You are not a bad person because you have too much debt.  As noted above, people spend far too much time beating themselves up for getting into a bad situation.  The first rule is, "what's done is done."  Your debt will not just go away because you feel bad about it.  Nor are you somehow less than someone else because you might have to deal with bankruptcy (see below).  Forget about this feeling bad nonsense and move forward.

Any contribution to reducing your debt, however small, is worth making.  People making minimum payments on credit cards are repeatedly told what a bad idea that is.  That may be true, but if you had more money we wouldn't be looking at this issue.  There is an opportunity to take back a little control.  You will be very surprised to see how much better you feel making more than a minimum  payment on your cards, even if it is only one dollar you might have spend on McDonald's coffee.  Take that cup of coffee you can make at home for less, and pay that one dollar extra.

The point is, change your attitude.  You cannot feel good about this situation until you take a positive benefit from changing matters.  The $1 per month extra on your cards is designed to give you a positive feeling about reducing debt.  Take that and apply it to more significant opportunities.  If you get a $20 give, consider putting $5 of it toward debt pay down.  Don't be unrealistic - if you get some money in, you're going to want to enjoy it.  But spending it (in cash) on things you might otherwise put on a credit card, and then paying a small amount on the card, is a double savings.

Most of the traditional wisdom is right.  It is commonly understood that paying down principal, attacking higher interest rate debt first, not replacing unsecured debt with secured debt, and avoiding incurring more debt are important steps.  Just because these ideas are not new and are fairly obvious doesn't mean they are not excellent ideas.  Follow them as best you can.

Cash flow, cash flow, cash flow.  Did you know that one of the commonest ways to value a business is not by its equity, but rather cash flow?  Perhaps you have heard that in the valley of the poor, cash is king.  For those struggling with debt, cash is the most precious asset.  Use it wisely.  At all costs, do not use up cash only to put more on your credit card.  In other words, in spite of everything else in this article and common wisdom, make minimum payments if you must to avoid increasing the overall balance.

Refinance if you can.  If you have an opportunity to replace high interest rate debt with lower interest rate debt, you would be foolish not to make the change.  That may extend the term of repayment, but increasing cash flow very likely will make it worthwhile.

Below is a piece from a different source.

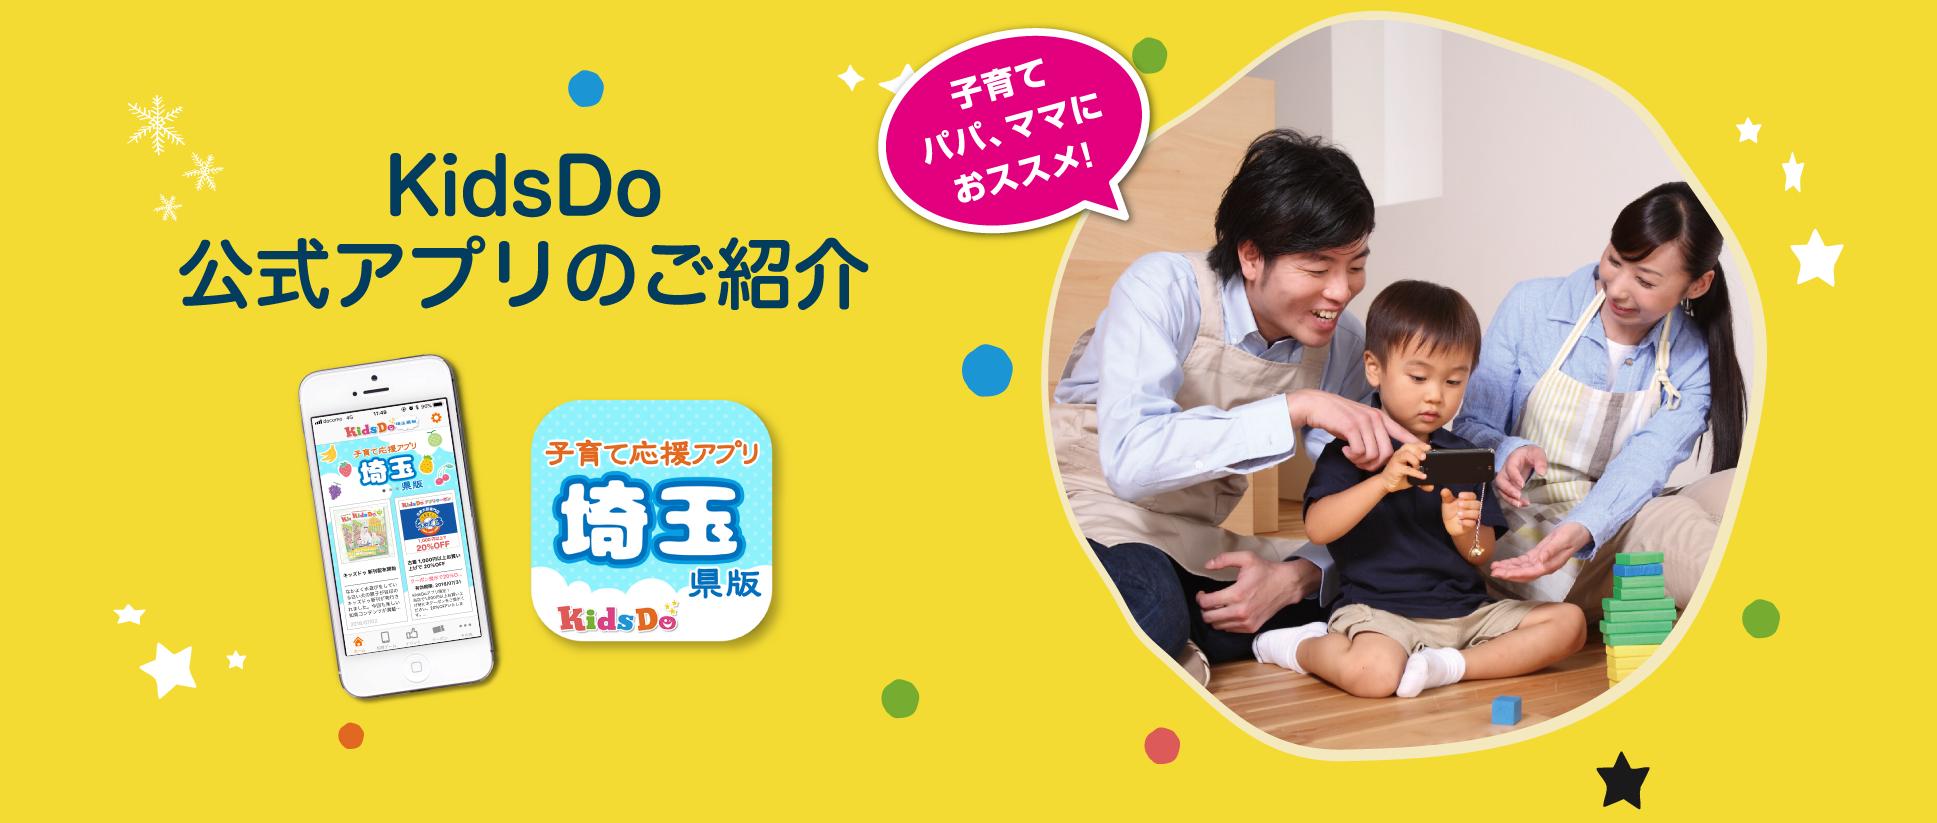 KidsDo(キッズドゥ)埼玉県版 公式アプリのご紹介

Do not be afraid of the more negative alternatives.  Do not be afraid of options such as bankruptcy if you have exhausted all other options.  Do not, of course, put yourself in the hands of one of these ridiculous debt consolidation or reduction scams.  Never undertake debt restructuring, mortgage modification, or anything like that unless you have the benefit of knowledgeable advice from a completely neutral source.  "Completely neutral" means that whomever you consult, be it a lawyer, banker, or financial advisor, will not see one single, solitary benefit from your decision.  That includes any referral fee or benefit that this advisor might reap.  

Bankruptcy has changed.  There is absolutely no shortage of articles out there, including some very good ones from neutral sources, on the subject of bankruptcy.  What you need to know for purposes of this article is that bankruptcy is no longer the badge of shame that some might have taken it for in the past.  Indeed, the changes in the law since 2005 have made it pretty difficult to get a complete benefit from the bankruptcy courts.  You must be either very, very limited in your means, or willing to work your butt off for your creditors, to qualify for substantial relief.  If you go through bankruptcy, it's because you couldn't do anything else, and you are doing the best you can.

To summarize: it's all about giving yourself a break.  Obviously, you need to do your best to spend less, pay down debt, and even if possible save a little.  Attitude, however, separates those who succeed from those who do not.  Two people with the same debt and income profile can achieve very different results.  The difference is willingly embracing changed behaviors.